(Stored items)
== Segment start ==
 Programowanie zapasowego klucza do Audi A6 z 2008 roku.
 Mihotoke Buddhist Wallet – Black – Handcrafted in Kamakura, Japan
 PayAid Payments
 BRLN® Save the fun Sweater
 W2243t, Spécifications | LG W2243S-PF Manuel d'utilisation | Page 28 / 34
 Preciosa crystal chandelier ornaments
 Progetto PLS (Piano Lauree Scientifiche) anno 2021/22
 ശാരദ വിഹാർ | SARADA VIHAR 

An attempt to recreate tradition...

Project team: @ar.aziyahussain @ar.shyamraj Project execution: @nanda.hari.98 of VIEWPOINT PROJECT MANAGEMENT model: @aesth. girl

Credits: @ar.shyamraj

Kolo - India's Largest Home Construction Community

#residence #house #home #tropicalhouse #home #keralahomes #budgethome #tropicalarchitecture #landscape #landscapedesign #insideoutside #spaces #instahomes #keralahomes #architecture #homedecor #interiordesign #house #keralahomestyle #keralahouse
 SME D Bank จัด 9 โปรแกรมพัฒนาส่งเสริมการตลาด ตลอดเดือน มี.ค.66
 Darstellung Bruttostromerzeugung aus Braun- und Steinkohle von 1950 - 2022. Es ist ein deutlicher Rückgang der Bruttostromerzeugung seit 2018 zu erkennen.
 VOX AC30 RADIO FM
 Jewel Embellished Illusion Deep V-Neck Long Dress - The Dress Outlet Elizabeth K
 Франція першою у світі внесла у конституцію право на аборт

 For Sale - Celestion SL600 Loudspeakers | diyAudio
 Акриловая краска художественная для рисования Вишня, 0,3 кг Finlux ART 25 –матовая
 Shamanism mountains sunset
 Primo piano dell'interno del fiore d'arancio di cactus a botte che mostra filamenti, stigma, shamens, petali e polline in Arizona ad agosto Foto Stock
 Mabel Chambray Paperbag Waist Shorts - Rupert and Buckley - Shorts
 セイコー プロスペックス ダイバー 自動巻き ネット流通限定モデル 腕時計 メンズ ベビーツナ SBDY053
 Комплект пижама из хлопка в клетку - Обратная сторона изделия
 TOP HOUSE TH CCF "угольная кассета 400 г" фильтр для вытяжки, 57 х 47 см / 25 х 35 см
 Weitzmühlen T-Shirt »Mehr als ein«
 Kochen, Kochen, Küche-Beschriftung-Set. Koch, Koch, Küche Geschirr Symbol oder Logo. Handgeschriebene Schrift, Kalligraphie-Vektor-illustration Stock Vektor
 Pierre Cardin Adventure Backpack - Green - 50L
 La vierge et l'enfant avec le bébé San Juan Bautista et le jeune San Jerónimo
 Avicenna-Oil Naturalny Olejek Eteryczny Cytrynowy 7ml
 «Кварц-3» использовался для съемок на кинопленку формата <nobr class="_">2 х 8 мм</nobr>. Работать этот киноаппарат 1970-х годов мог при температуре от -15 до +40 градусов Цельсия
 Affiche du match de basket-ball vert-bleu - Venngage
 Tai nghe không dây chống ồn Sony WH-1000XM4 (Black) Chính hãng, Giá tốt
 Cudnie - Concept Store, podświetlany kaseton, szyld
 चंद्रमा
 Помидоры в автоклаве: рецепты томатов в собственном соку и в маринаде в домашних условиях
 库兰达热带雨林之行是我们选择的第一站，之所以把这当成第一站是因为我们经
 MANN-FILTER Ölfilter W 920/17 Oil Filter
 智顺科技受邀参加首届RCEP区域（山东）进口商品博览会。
== Segment end ==
What this task involves: Print exactly the lines above from the one with "Avicenna-Oil Naturalny Olejek" to the one with "Affiche du match", including both.

Problem solution:
 Avicenna-Oil Naturalny Olejek Eteryczny Cytrynowy 7ml
 «Кварц-3» использовался для съемок на кинопленку формата <nobr class="_">2 х 8 мм</nobr>. Работать этот киноаппарат 1970-х годов мог при температуре от -15 до +40 градусов Цельсия
 Affiche du match de basket-ball vert-bleu - Venngage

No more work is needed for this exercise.